- About this task -
Return the complete listing exactly as it reads, with each picture removed.

- Exercise data -
◆ ◆ ◆ ◆ ◆
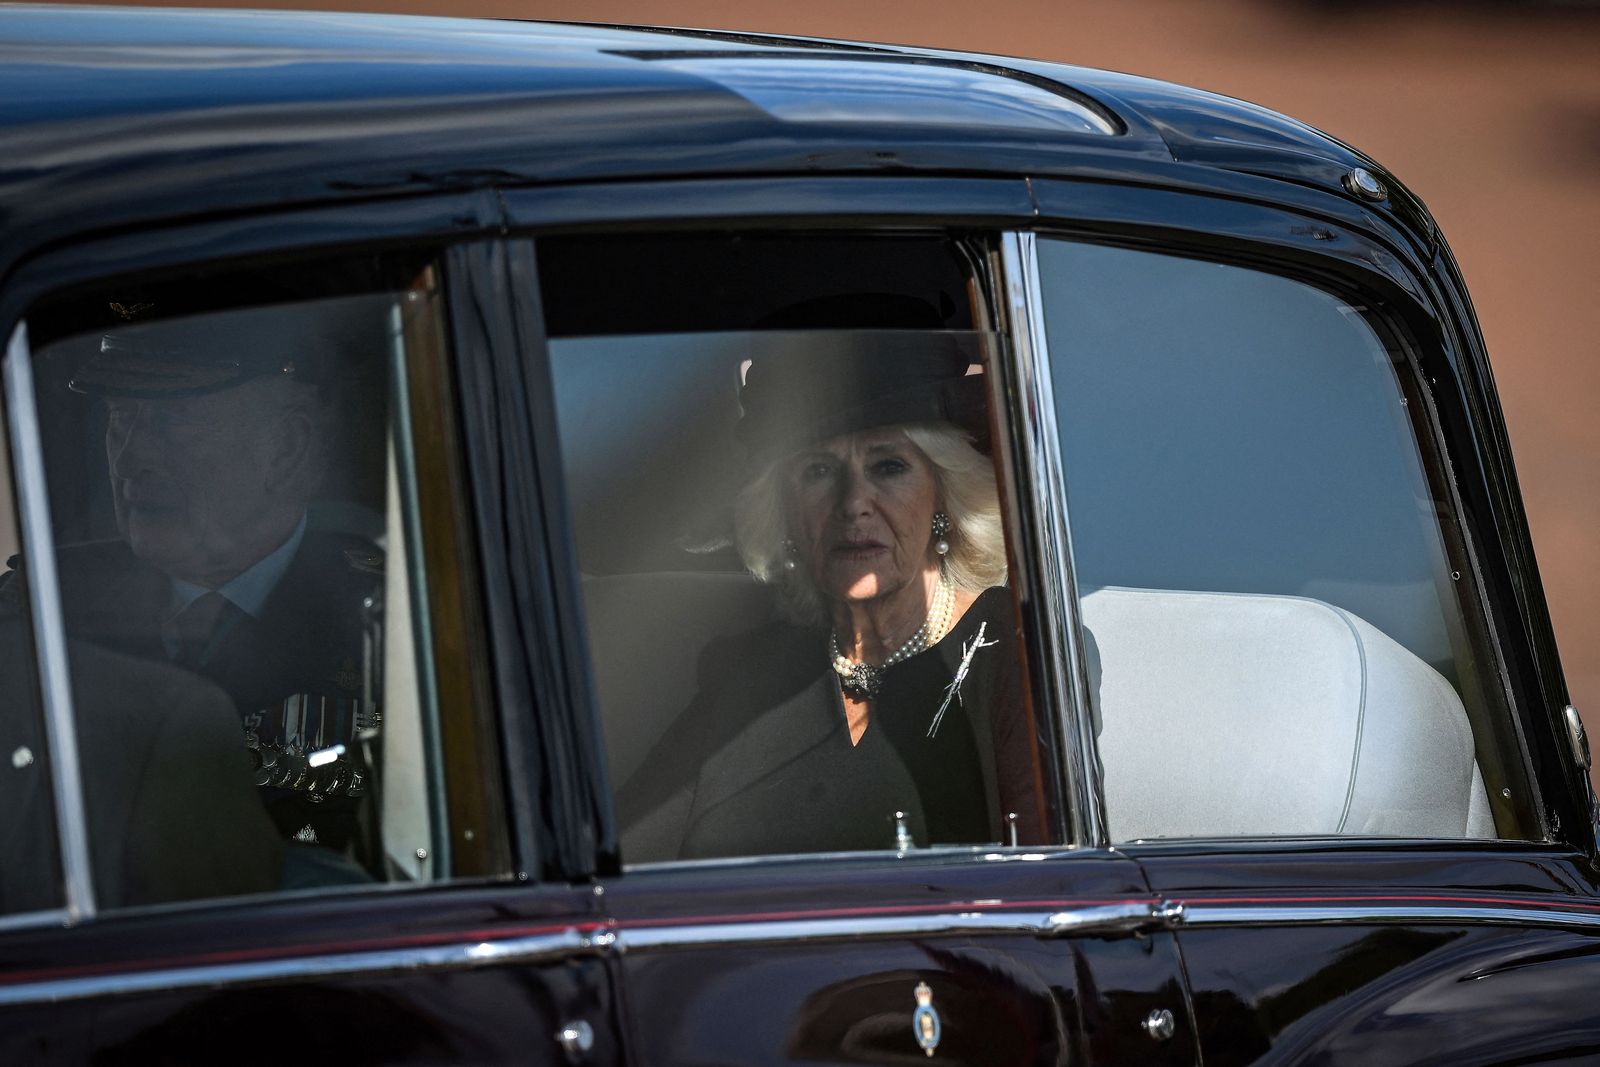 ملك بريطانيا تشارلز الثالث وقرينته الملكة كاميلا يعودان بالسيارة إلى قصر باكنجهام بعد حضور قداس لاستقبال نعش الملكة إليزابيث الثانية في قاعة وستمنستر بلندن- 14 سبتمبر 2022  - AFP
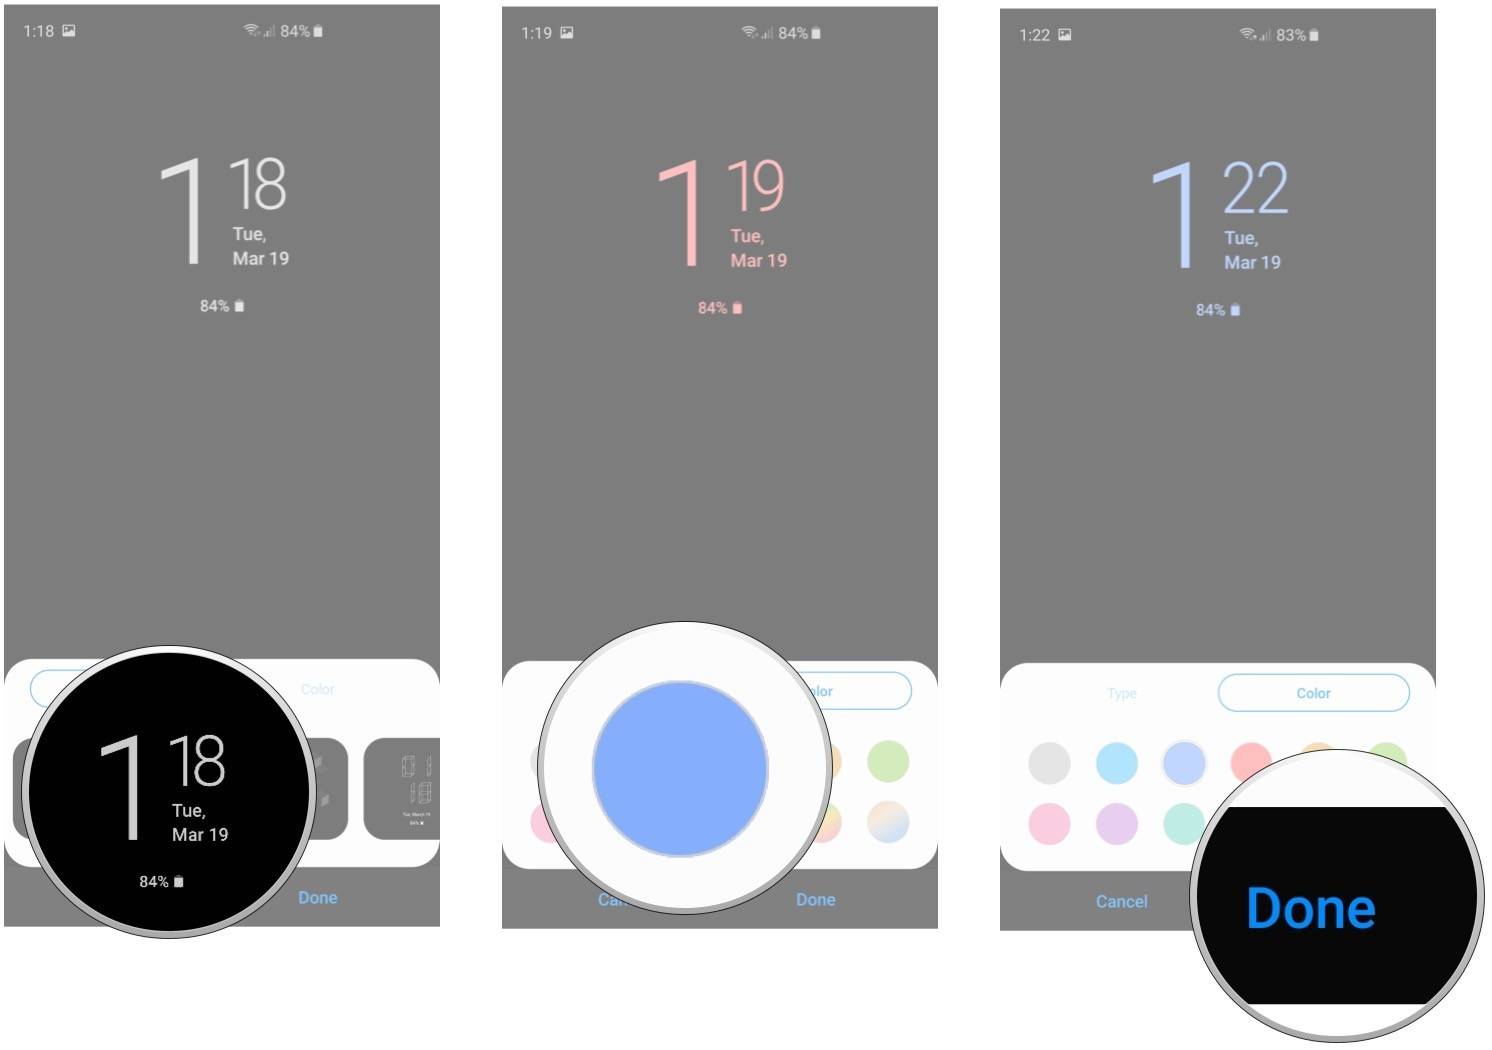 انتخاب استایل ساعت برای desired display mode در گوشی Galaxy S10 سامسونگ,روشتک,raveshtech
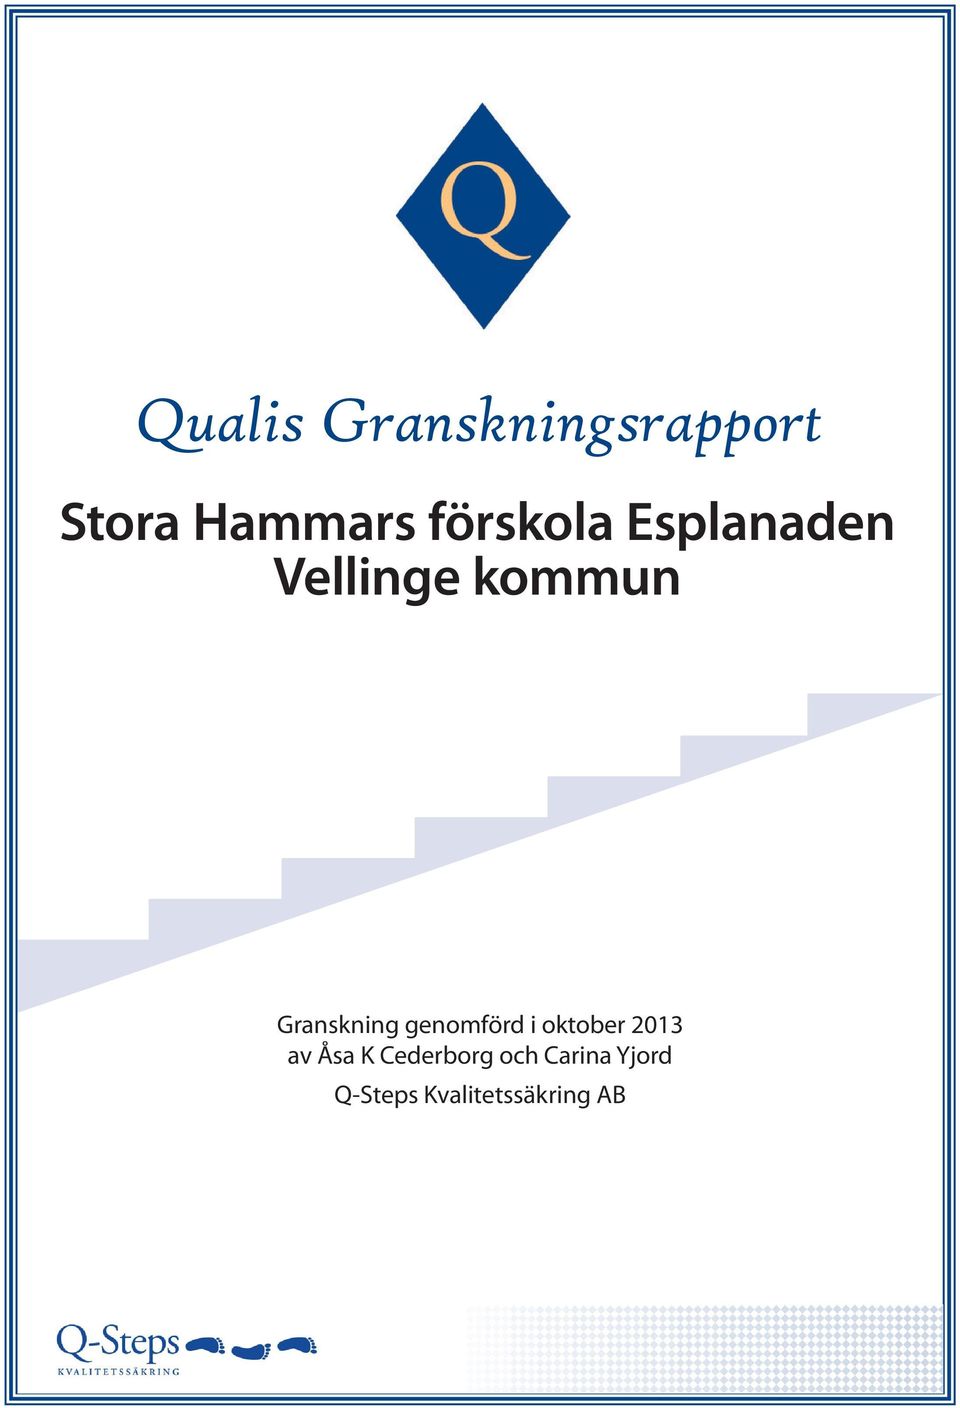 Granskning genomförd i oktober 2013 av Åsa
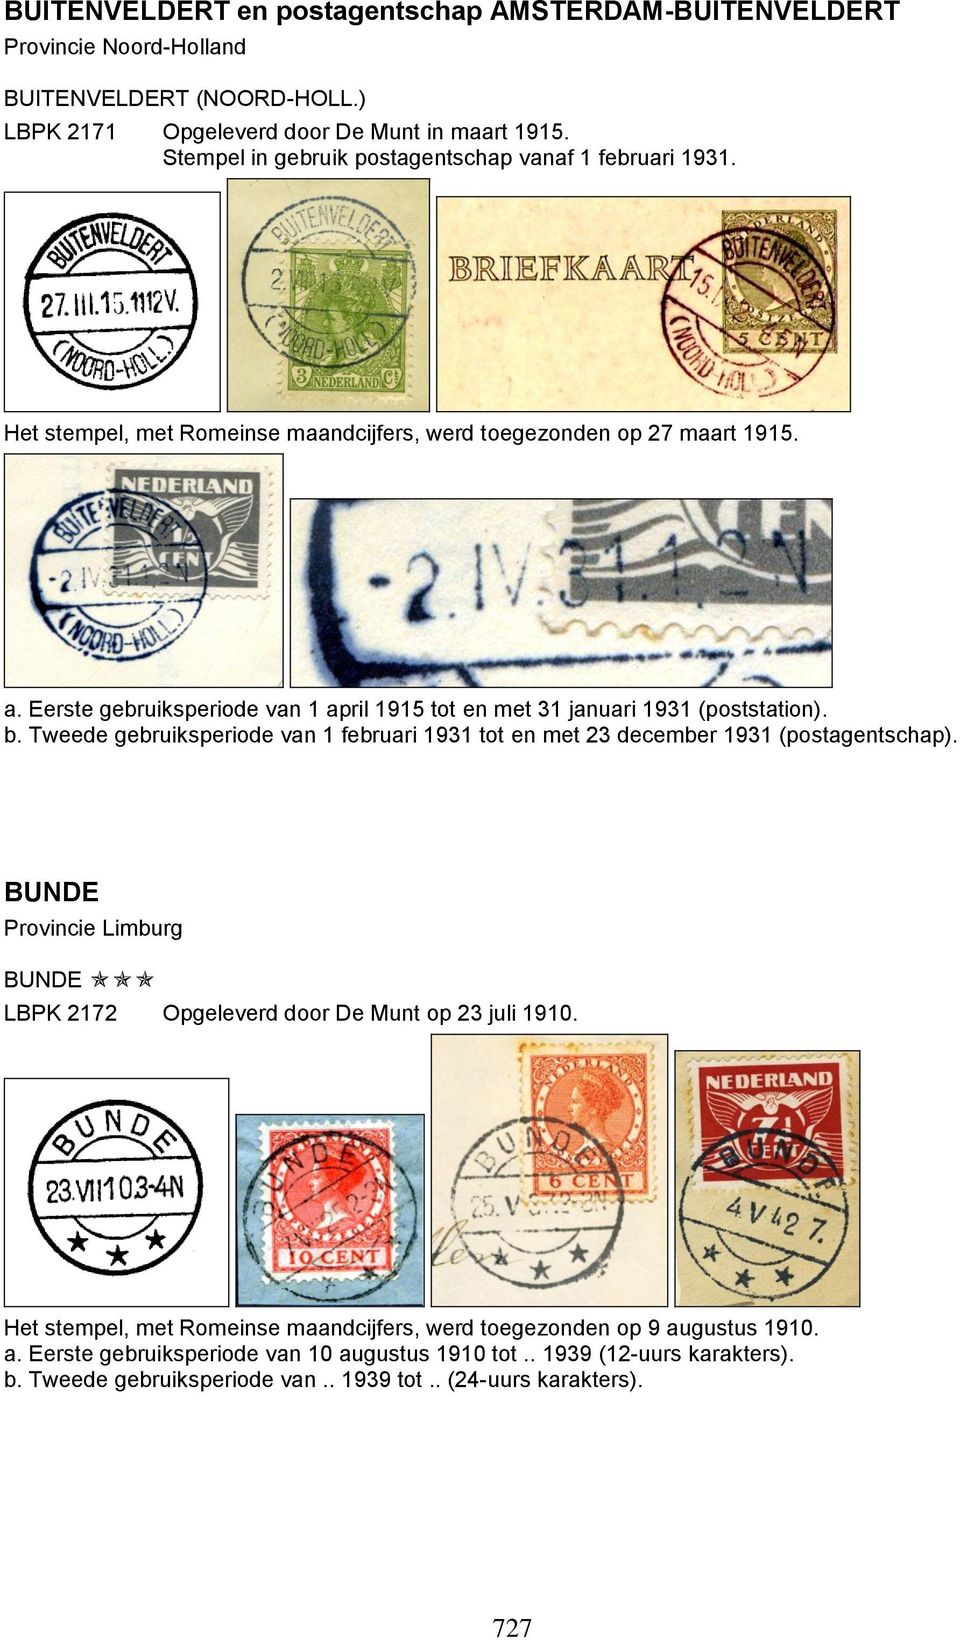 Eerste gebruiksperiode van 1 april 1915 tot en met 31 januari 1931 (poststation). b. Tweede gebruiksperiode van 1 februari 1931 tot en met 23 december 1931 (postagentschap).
◆ ◆ ◆ ◆ ◆
- Answer below -
 ملك بريطانيا تشارلز الثالث وقرينته الملكة كاميلا يعودان بالسيارة إلى قصر باكنجهام بعد حضور قداس لاستقبال نعش الملكة إليزابيث الثانية في قاعة وستمنستر بلندن- 14 سبتمبر 2022  - AFP
 انتخاب استایل ساعت برای desired display mode در گوشی Galaxy S10 سامسونگ,روشتک,raveshtech
 Granskning genomförd i oktober 2013 av Åsa
 Eerste gebruiksperiode van 1 april 1915 tot en met 31 januari 1931 (poststation). b. Tweede gebruiksperiode van 1 februari 1931 tot en met 23 december 1931 (postagentschap).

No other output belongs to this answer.